Graduate Student University of Wisconsin- Madison Madison, Wisconsin, United States
Disclosure(s):
Jenna Port: No financial relationships to disclose
Introduction/Rationale: With aging, the immune system releases pro-inflammatory factors causing chronic inflammation or “inflammaging”. Within the aged central nervous system (CNS), myeloid cell populations increase due to inflammation-induced myelopoiesis within skull bone marrow compartments. Decreased waste removal through CNS lymphatics worsens inflammation and immune cell buildup, leaving the CNS prone to neurodegenerative disorders. This highlights the need to study CNS drainage sites like the cribriform plate (CP). The CP is a sieve-like structure within the ethmoid bone that holds olfactory bulbs and nerves passing from the CNS to the nasal epithelium. The CP also enables cerebrospinal fluid and waste drainage into nasal lymphatics and olfactory nerves. Previously, our lab has identified that the CP perineural regions contain an immune microenvironment that changes during neuroinflammation. We have shown that CP bone channels connect the bone marrow to olfactory nerve bundles, facilitating immune cell migration into the perineural space. It is unknown how immune cells dock within the perineural niche, and how the perineural microenvironment differs with age.

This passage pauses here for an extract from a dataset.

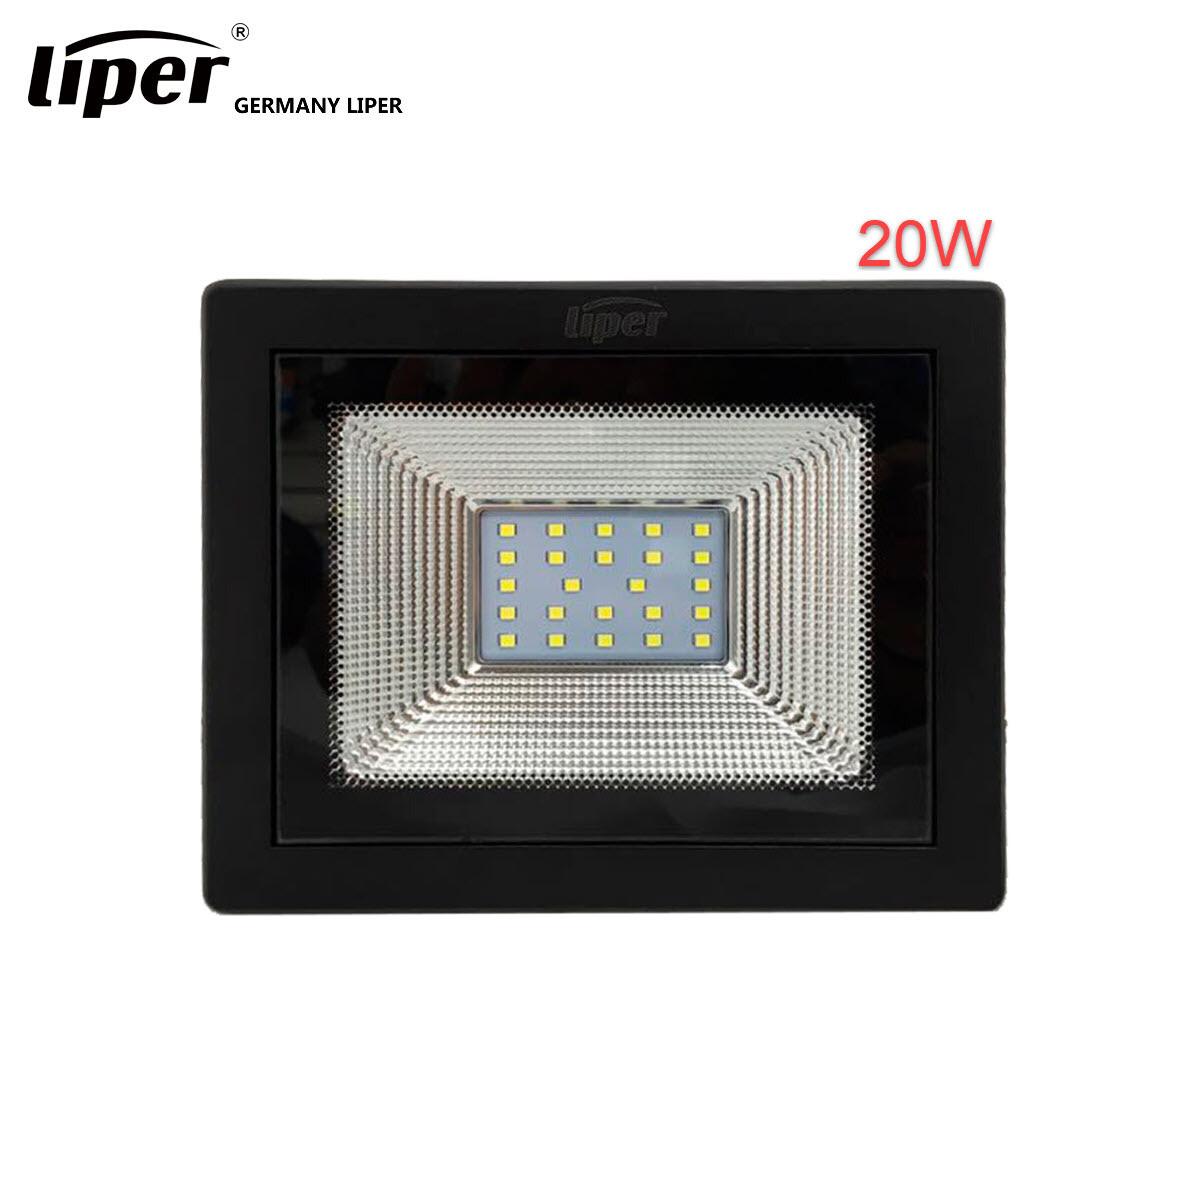 Refletor Holofote Liper 20W 220V

Methods: Utilizing immunohistochemistry, flow cytometry, and 3D Light sheet fluorescent microscopy
Results: we show that (1) the aged perineural immune environment has an increase in CD11b+ myeloid cells. (2) ICAM1 (CD54) adhesion molecule expression, area, and mean fluorescent intensity increases with age, and identified ICAM-1 as the docking protein located perineurally on TUBB3+ olfactory nerve bundles at the CP in elderly mice and humans. We propose that the accumulation of myeloid cells contributes to nerve damage in aging. We study markers of death (caspase-3) and gliosis (GFAP) within the olfactory nerve bundles to test this hypothesis.
Conclusion: These findings help elucidate the role of ICAM-1 within olfactory nerves and highlights potential therapeutic use of localized ICAM-1 drug therapy to preserve CNS drainage and olfactory nerve health.